→ Provided information
● ● ● ●
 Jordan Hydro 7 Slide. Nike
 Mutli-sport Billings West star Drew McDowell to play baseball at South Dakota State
● ● ● ●
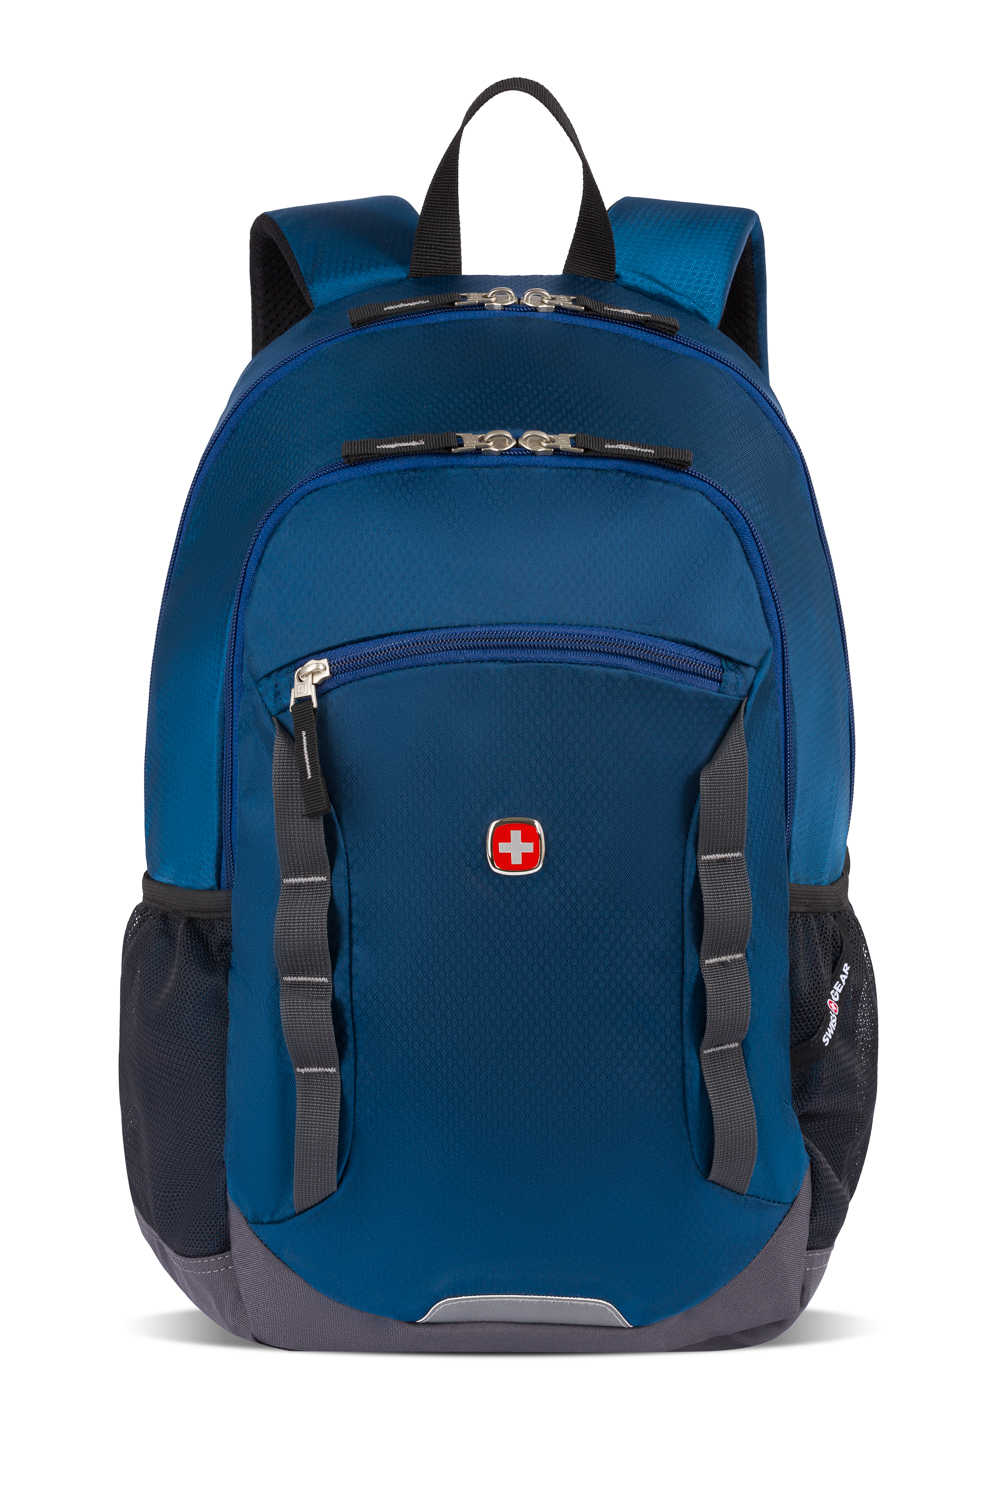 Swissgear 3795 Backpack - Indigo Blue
● ● ● ●
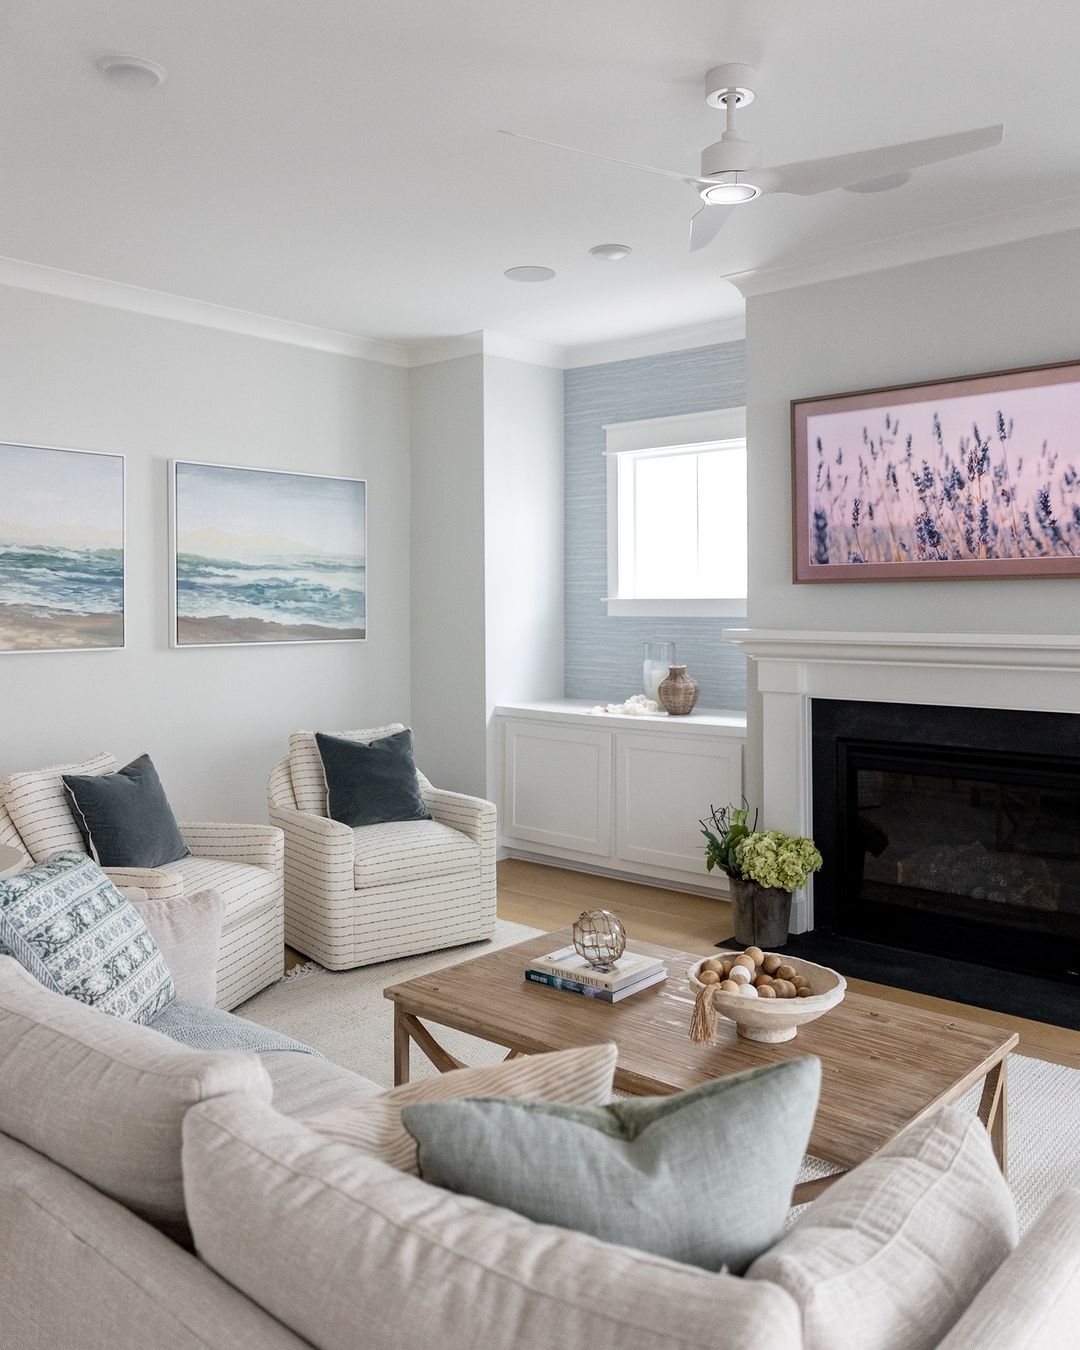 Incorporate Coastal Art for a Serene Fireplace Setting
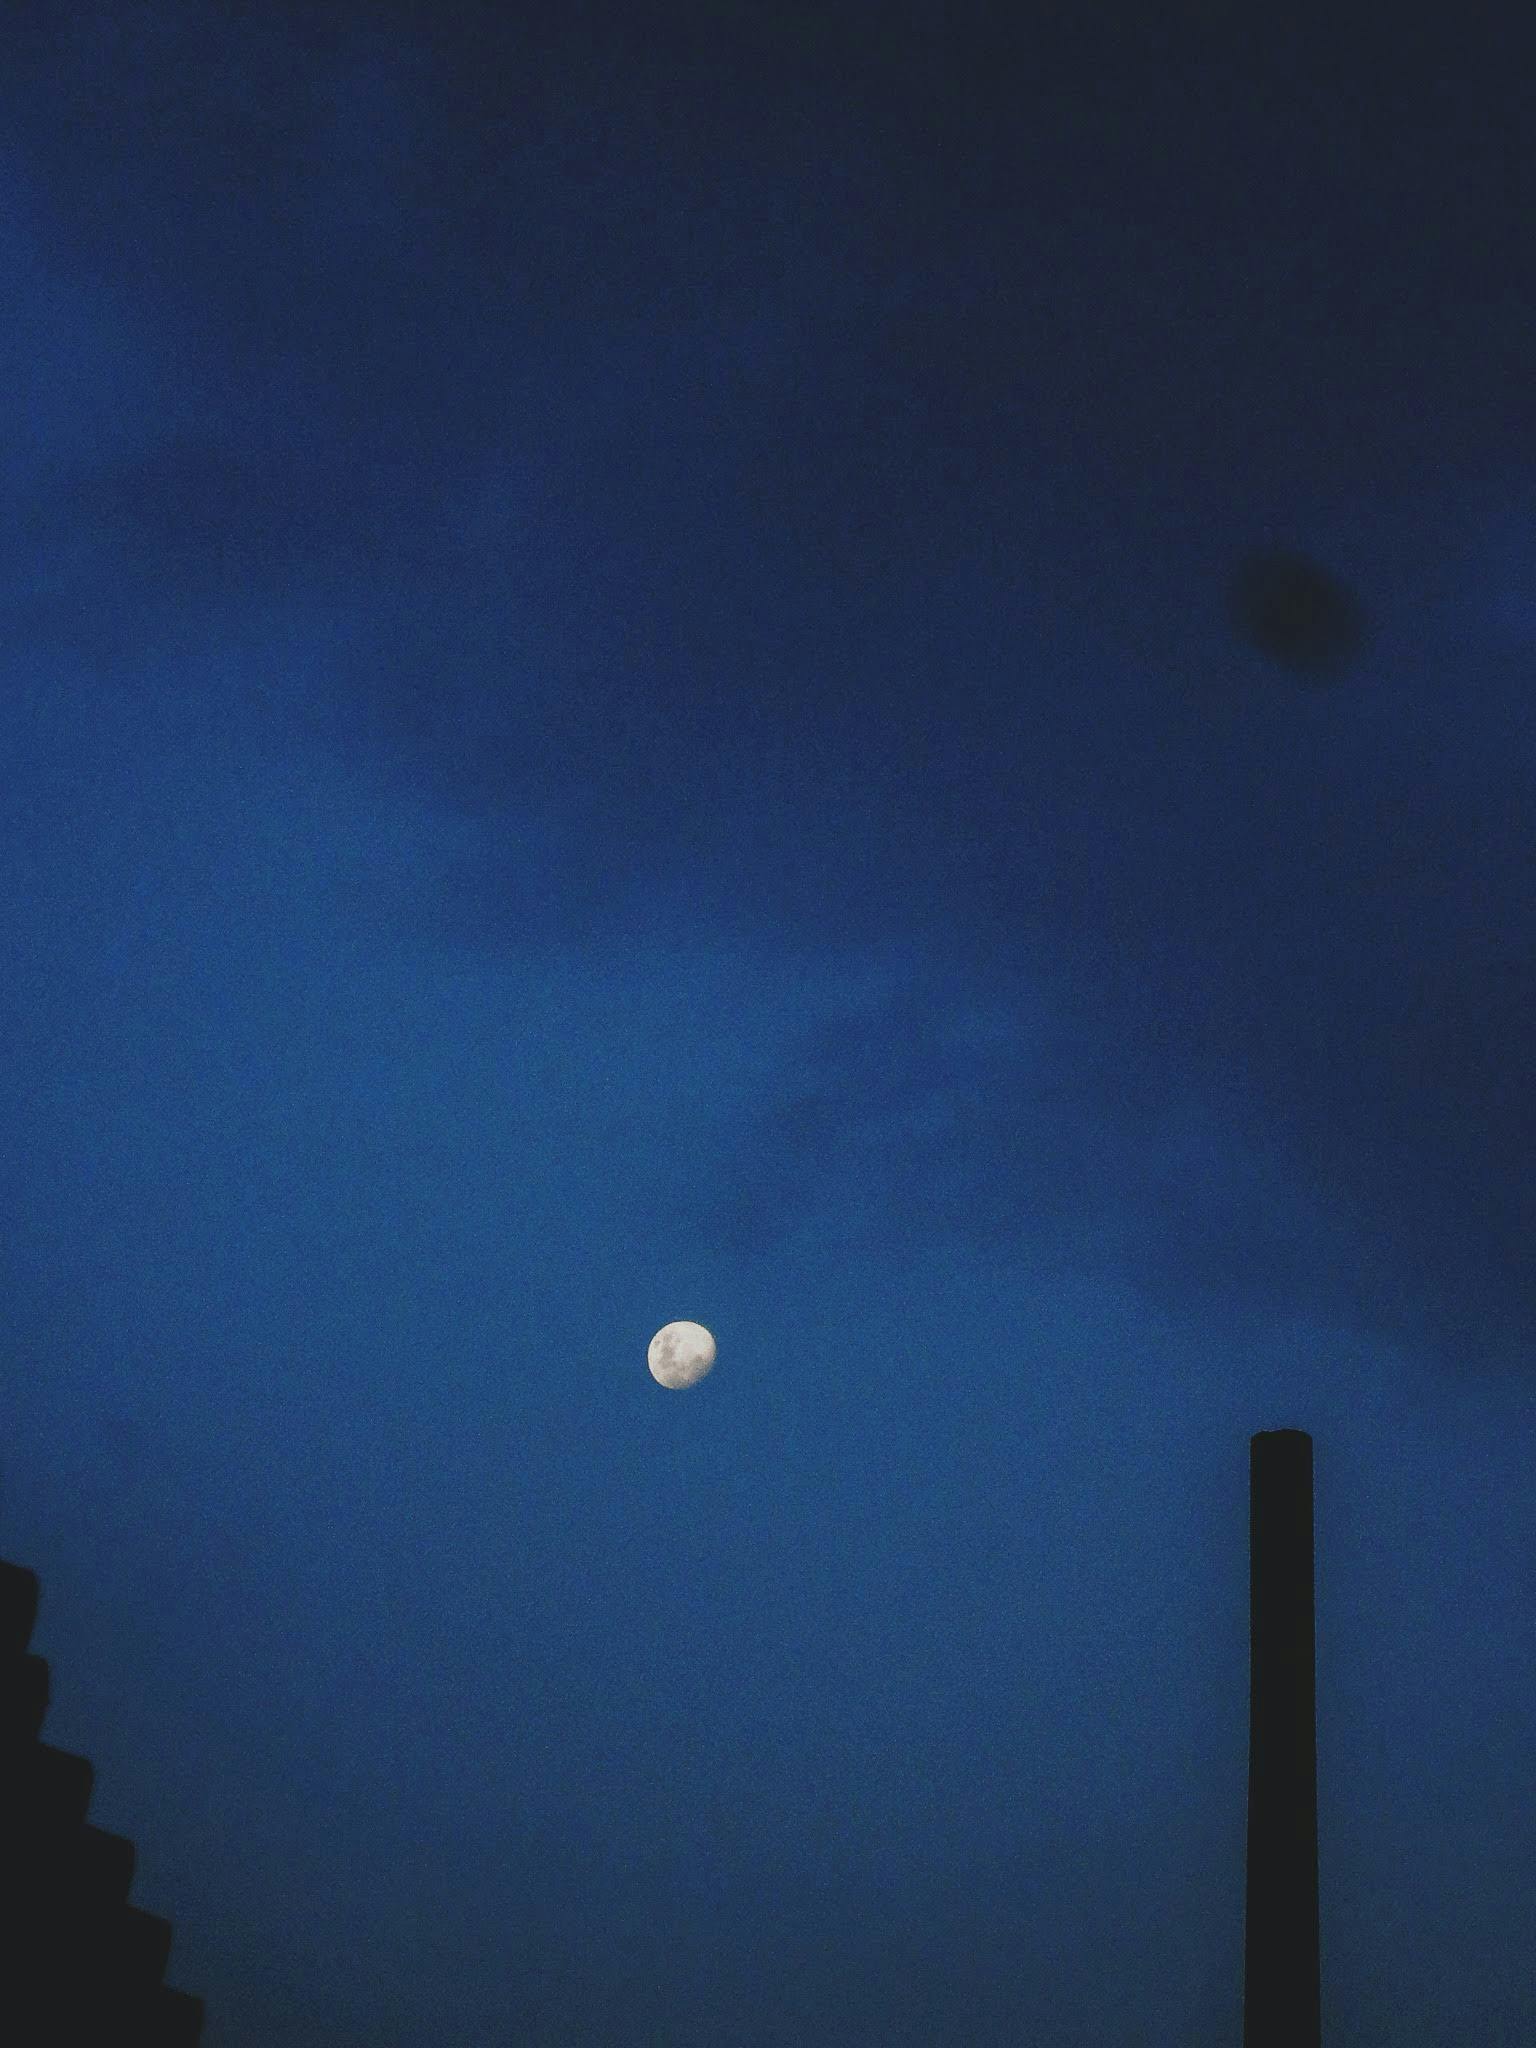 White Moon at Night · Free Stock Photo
● ● ● ●
→ Problem
Out of the data above, set down the lines from the one with "Jordan Hydro 7 Slide. Nike" to the one with "Mutli-sport Billings West", both included, exactly as written and with no additions.

→ Finished exercise
 Jordan Hydro 7 Slide. Nike
 Mutli-sport Billings West star Drew McDowell to play baseball at South Dakota State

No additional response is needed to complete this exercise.